# Incendium – Making fractal animations

I’ve recently created a piece of software for creating fractal animations. The full source code and a description of its features can be found at the project’s GitHub page. On this page, however, I’ll explain the technical details behind the algorithm used by the core engine of Incendium to generate its fractals. If you want a non-technical overview, please check out the GitHub page. In essense, the program works by drawing a bunch of polygons unto an empty frame. There are two central problems here, how to choose which polygons to draw, and to figure out where to draw them.

We start with a regular $n$-gon (called depth $d=0$) drawn with its center at the origin $(0,0)$, and from each of its vertices, we draw another regular n-gon (it does not need to be the same $n$ for every depth). These new polygons have center at the vertices of the old polygon and have depth $d=1$, and in general a polygon at depth $d=n$ will have children of depth $d=n+1$. We continue doing this process until we’ve reached the specified fractal depth, giving us images such as (shown from depth $d=0$ to $d=2$):

Note that this image uses triangles, rather than the more general $n$-gon. This is because the math is pretty much the same for any $n$, and triangles are easier to visualize. Note that we’ve drawn all triangles here – what is a good method to choose which of these triangles to choose?

## Choosing which polygons to draw

First of all, let’s label the polygons accordingly in a systematic fashion. Let’s label the very first $n$-gon the empty string $\epsilon$. Its $n$ children will be appended the characters $\Sigma = \{0,1,2,...,n-1\}$, meaning that the children of the root node are called $0,1,2,...,n-1$. The children of the polygon represented by the string $0$ will likewise be appended these characters, and thus be called $00, 01, 02, ..., 0n$. Adding these labels to the above drawing yields:

Note that the length of the string $s$ is directly related to the depth of the polygon represented by that string, that is $|s|=fd$ for some fractal depth $fd$. For a constant polygon degree throughout the fractal, we will have a polygon for every possible string $s \in \Sigma^* : |s| \leq fd$. Thus we’ve reduced the problem of determining which polygon to draw to choosing a language $L \subset \Sigma^*$ and drawing all the polygons represented by the strings in $L$. Please note that since the polygon degree isn’t necessarily constant, we can’t be sure that all such strings $s$ actually exist in the fractal, but there is a relatively simple workaround.
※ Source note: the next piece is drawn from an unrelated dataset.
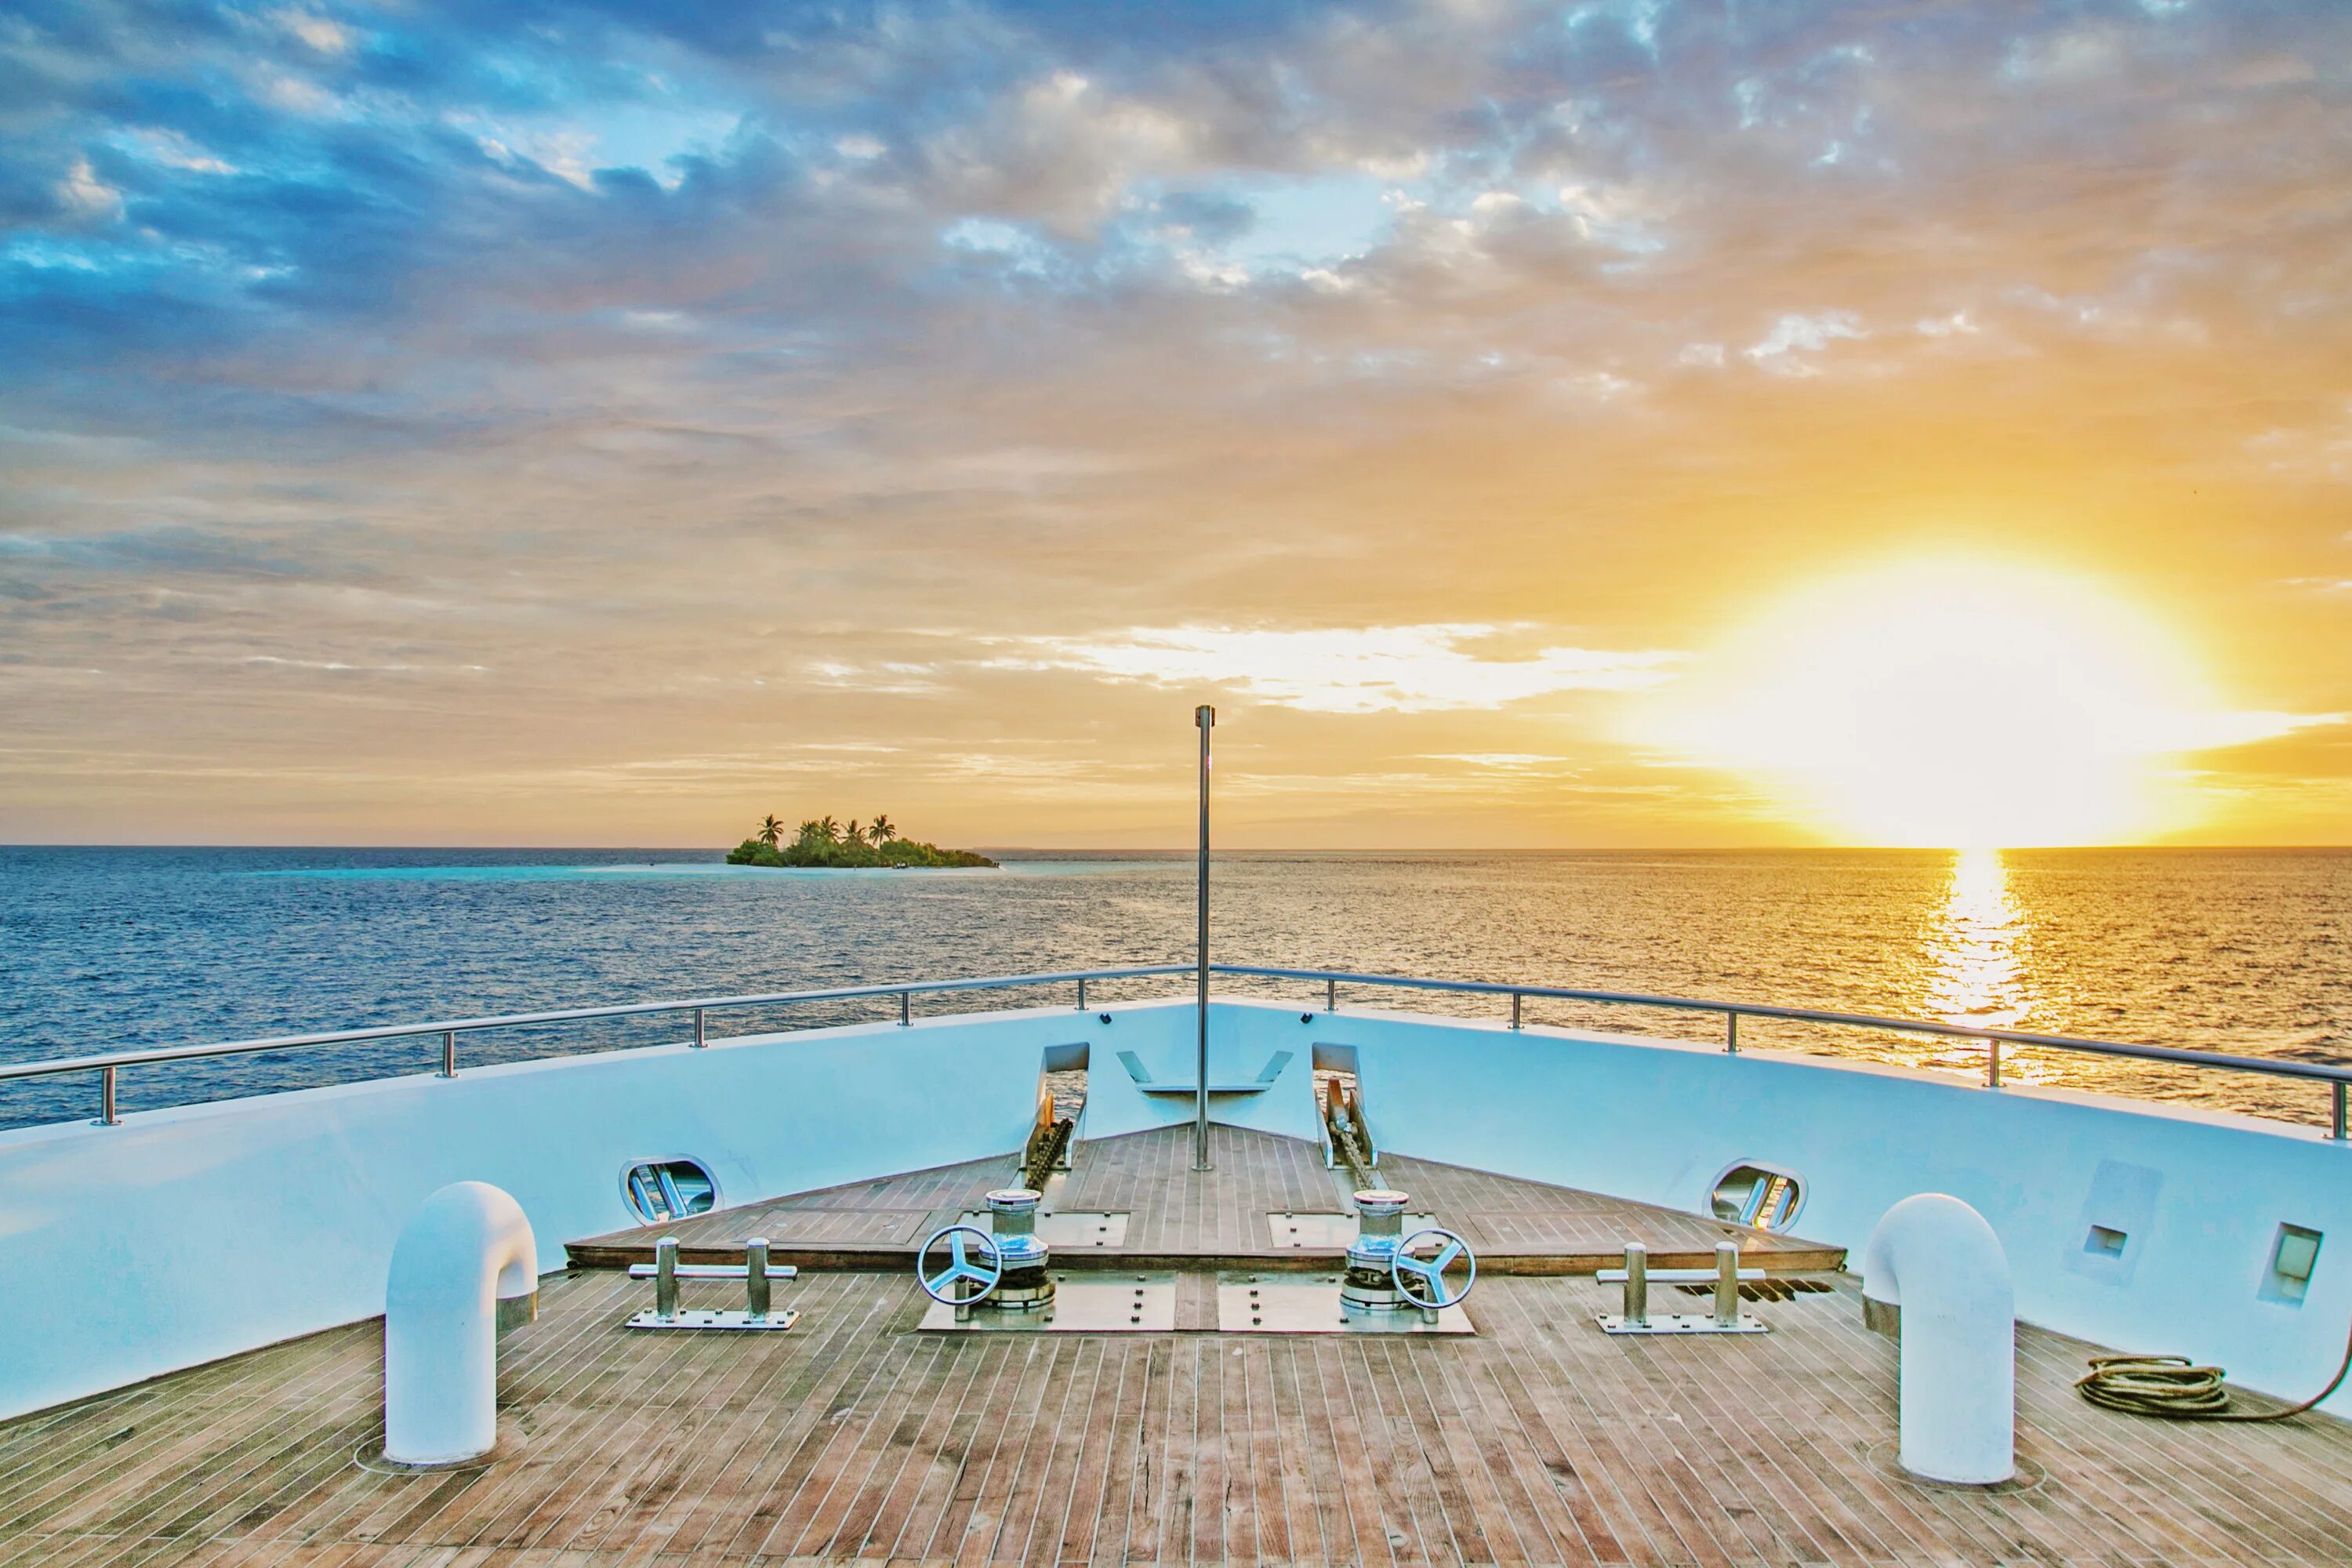 Scuba Spa яхта. Плавучий отель Мальдивы. Круиз на яхте Мальдивы. Мальдивы Scuba Spa яхта. Perfect island

To do this, we employ the help of regular expressions. While this technically limits the class of possible languages, it is a very simple approach, so we’re sticking with it. So, given some regular expression $R$ we draw all polygons represented by all the strings in $L(R)$. Shown here is the regular expression $.^*1.^*$ which only accepts all regular expressions that contain a 1:

## Where do we draw them?

Still, it’s not enough to just know which polygons to draw, we also need to know where to draw them. The root polygon is by definition placed at $(0,0)$, so its location is trivial. It’s children are drawn with their centers at the vertices of the root polygon, which seems to suggest we need the position of these. Assume we have some polygon with “radius” $r$ and rotation $\theta$. We know that all the vertices of the polygon lie on the graph for the circumscribed circle of the polygon. Therefore, we can easily derive the following formulas for the position of the vertices using trigonometry:

$P_0 =$ $( r \cdot \cos(\theta),$ $r \cdot \sin(\theta) )$

$P_1 = \left ( r \cdot \cos( \theta + \frac{1}{n} \cdot 2 \pi), r \cdot \sin( \theta + \frac{1}{n} \cdot 2 \pi) \right )$

$P_2 = \left ( r \cdot \cos( \theta + \frac{2}{n} \cdot 2 \pi), r \cdot \sin( \theta + \frac{2}{n} \cdot 2 \pi) \right )$

And in general,

$P_k = \left ( r \cdot \cos( \theta + \frac{k}{n} \cdot 2 \pi), r \cdot \sin( \theta + \frac{k}{n} \cdot 2 \pi) \right )$

Where $P_k$ is the $k$-th vertex.

Now, assume we have some polygon at depth $d$ represented by some regular expression $R=a_0 a_1 a_2 ... a_k$, and we want to know the position of its vertices. We know the origin of this polygon is given by the polygon at depth $d-1$. This other polygon is naturally represented by the regular expression $R' = a_0 a_1 a_2 ... a_{k-1}$, so its position is $P_{R'}$. We know the character $a_n$ represents which vertex we have (0 being the first vertex, 1 being the next vertex etc.). Therefore, we can write the following recursive relation:

$P_{a_0 a_1 a_2 ... a_k} = P_{a_0 a_1 a_2 ... a_{k-1}} +$ $\left ( r(R) \cdot \cos( \theta(R) + \frac{a_k}{n} \cdot 2 \pi), r(R) \cdot \sin( \theta(R) + \frac{a_k}{n} \cdot 2 \pi) \right )$

Where $r(R)$ is the radius for the polygon represented by $R$, and $\theta(R)$ is the angle – these will be investigated later. This recursive relation has the base-case $P_\epsilon = (0,0)$ and implementing it is straight-forward (shown here in pseudo-code):

function positionFromRegex(R)
if len(R) == 0: return (0,0)

return positionFromRegex(R')
+ ( r(R) * cos(theta(R) + a_k/n * 2pi),
r(R) * sin(theta(R) + a_k/n * 2pi) )

## It’s the size that matters

In the previous section, we just used $r(R)$ to denote the radius of the polygon represented by the regular expression $R$, we’ll now derive an expression for this function. First note that the size should only be dependent on the depth. Strings of the same depth should have the same size – we don’t want $0210$ to be larger than $1203$. Therefore, we can assume that the argument for $r$ is a number, so we have $r(d) : d \in \mathbb{N}$. Obviously, we want $r(0)$ to be the largest radius (for the root polygon), and we label this $r_0$, so $r(0) = r_0$. We also want this function to be strictly decreasing as $n \rightarrow \infty$, so $r(d) > r(k)$ for every $d > k$. Finally, we want to structure we’re designing to be a fractal – it should converge towards the same points as $n \rightarrow \infty$.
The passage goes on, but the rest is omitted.